Thursday, February 14, 2013

Violence Against Hagel

By Sniffles

Goodness gracious, we cats have never seen Republicans pummel one of their own so hard for being right.

Yep, Chuck Hagel — the one member of the GOP besides Jon Huntsman on whom we have a kitty crush — is so wanting in their eyes that they're holding up his Cabinet nomination because of something with which he had absolutely nothing to do.

So there must be other reasons, right? We've seen several.
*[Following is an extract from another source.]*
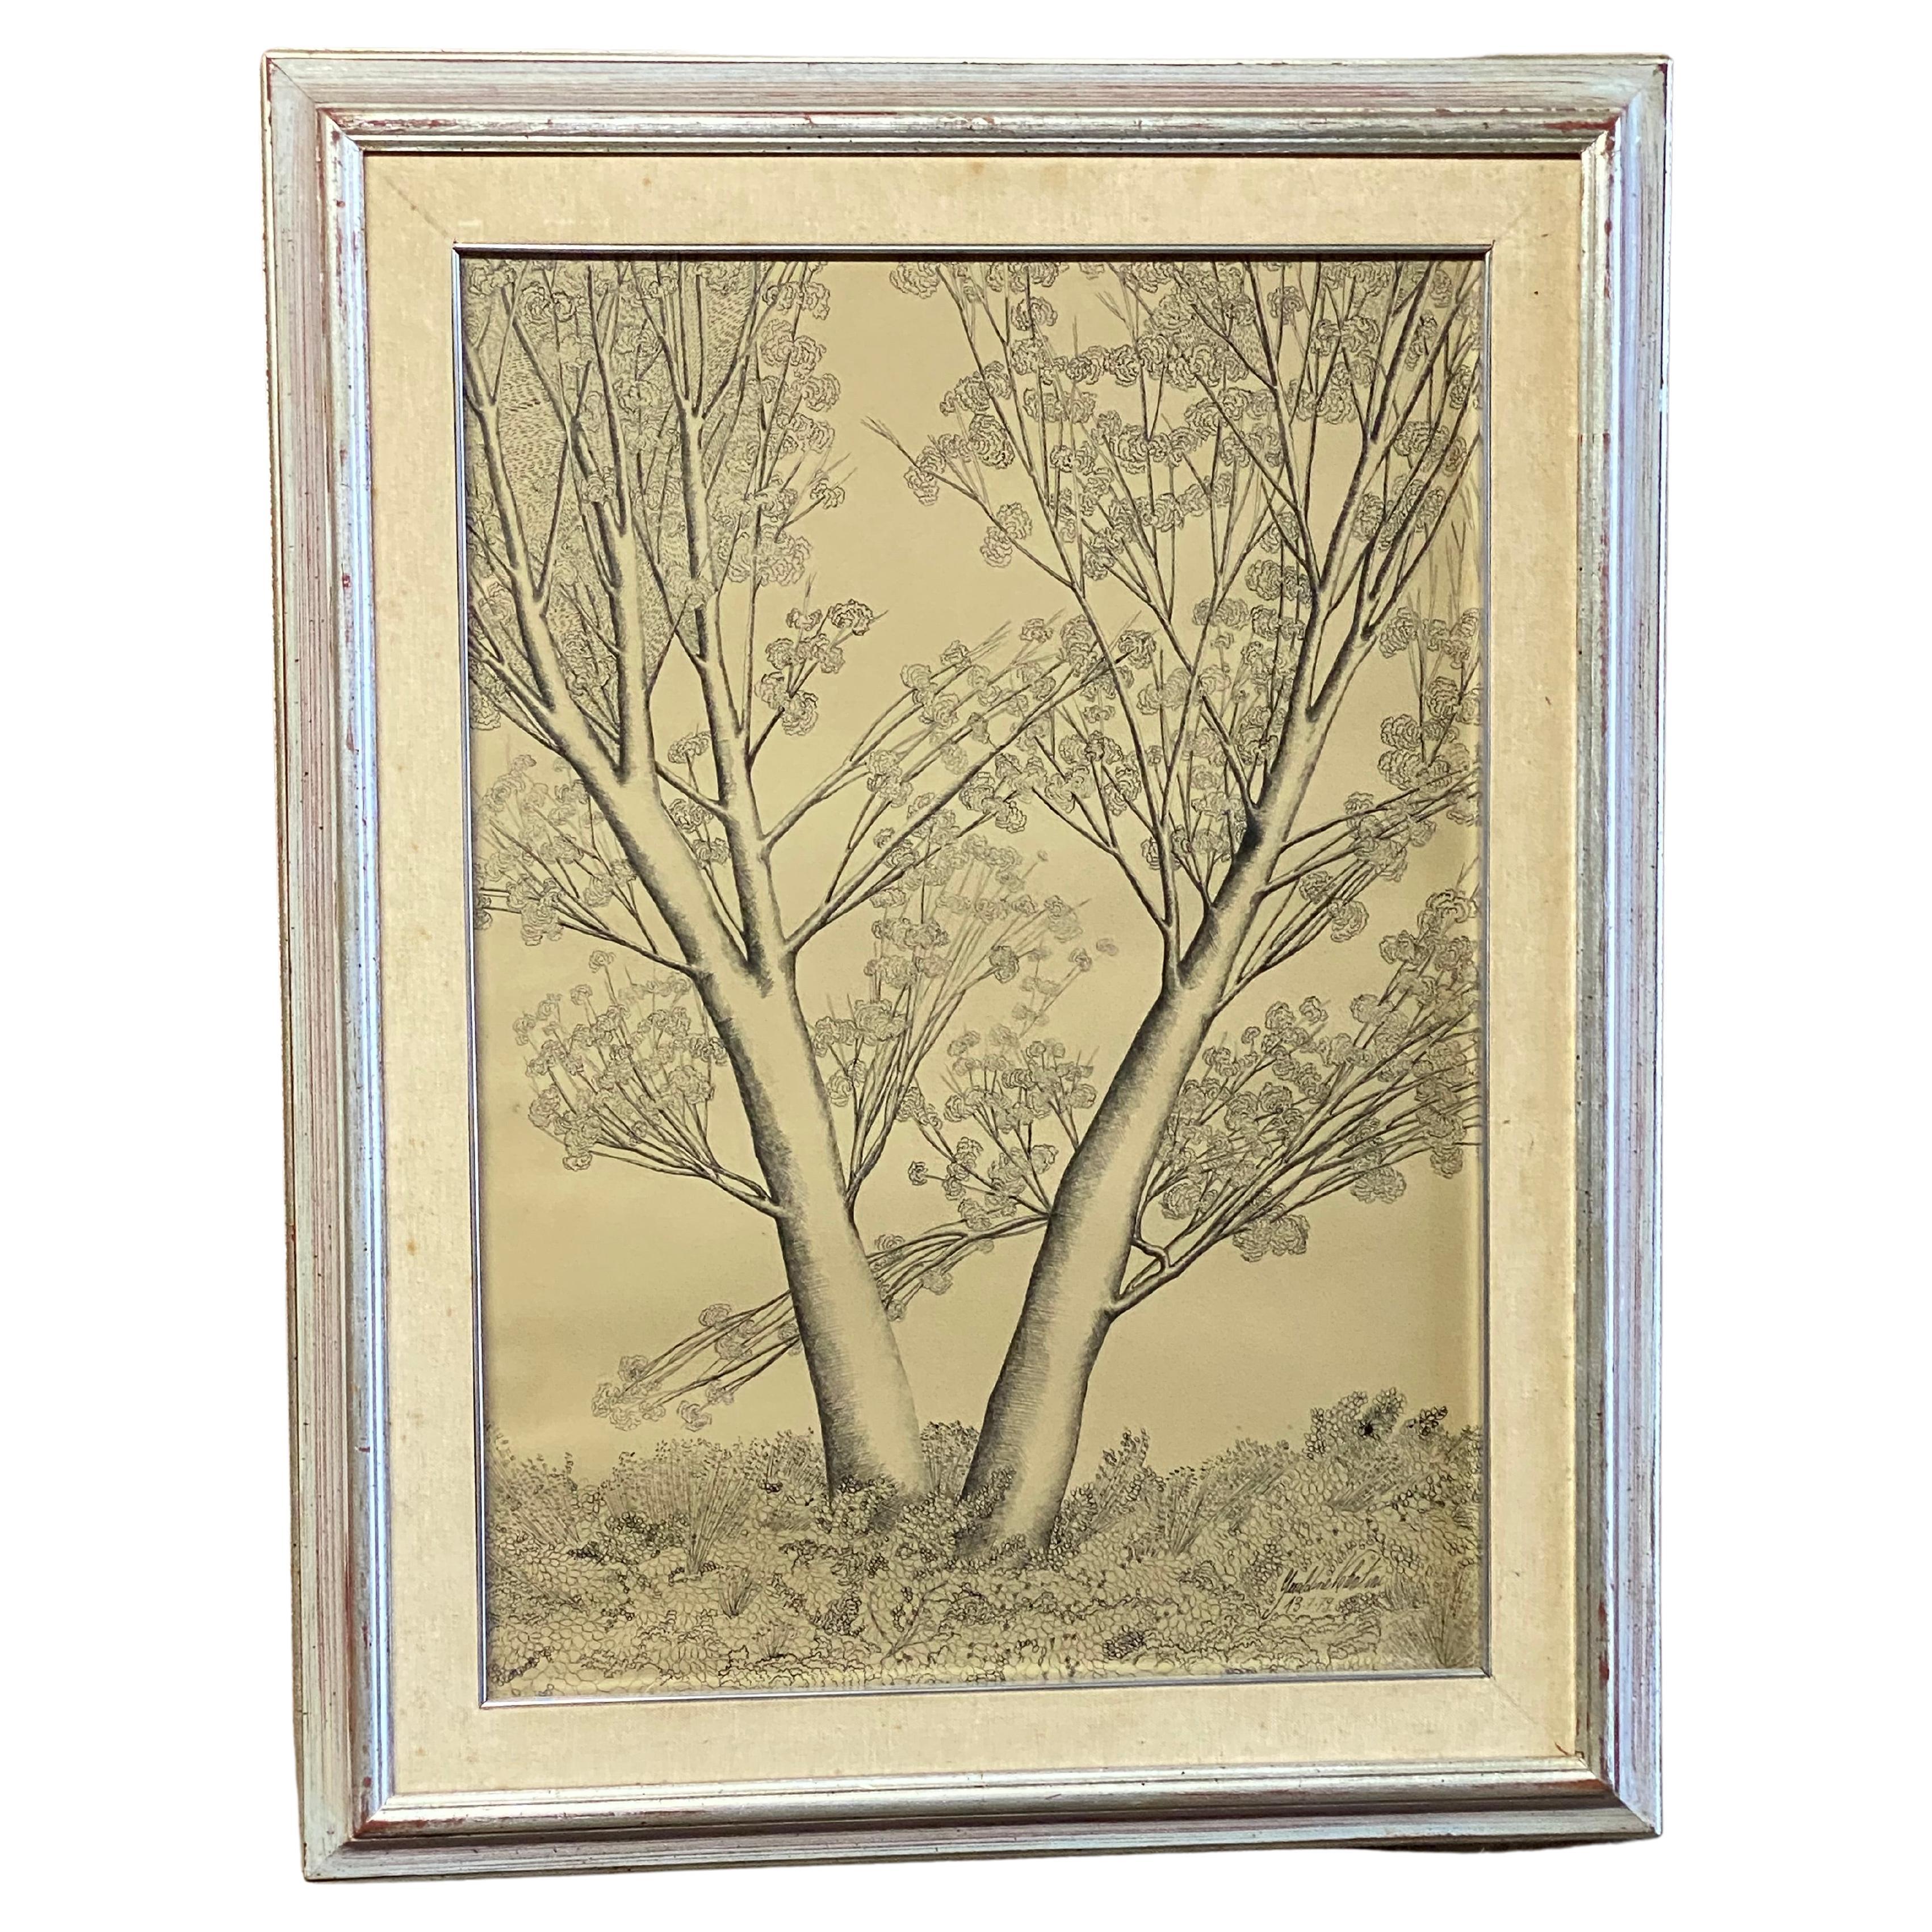 Signed Geraldine Valentini and dated 1979. Pen and ink Post-Modern drawing on paper. Modernist rendition of two sprawling limb trees. Labor intensive and intricately hand drawn work on paper. 

Framed in a silver gilt wood molding with a linen

The most popular among them seems to be Hagel's opposition to the Iraq war. And with the 10th anniversary of that snow job — which, by the way, killed nearly two 9/11s' worth of American soldiers and more than thirty-three 9/11s' worth of Iraqi civilians — it's a timely reminder of what excellent foresight Senator Hagel had. It's also further proof of how appropriate is our nickname for The Worst Person Who's Ever Lived, and how badly Republicans are currently behaving.

And now that 41 Republicans have decided to filibuster their old colleague, we cats think we know the real reason for this circus.

It's simple: Lady Lindsey Graham, facing a possible primary in 2014, feels pursued by a bunch of heavy-breathing teabaggers. But considering Lady Lindsey's light loafers, we wonder why he'd mind.

(IMAGE: Oh, Chuck, you have such dreamy eyes. But do you ever smile?)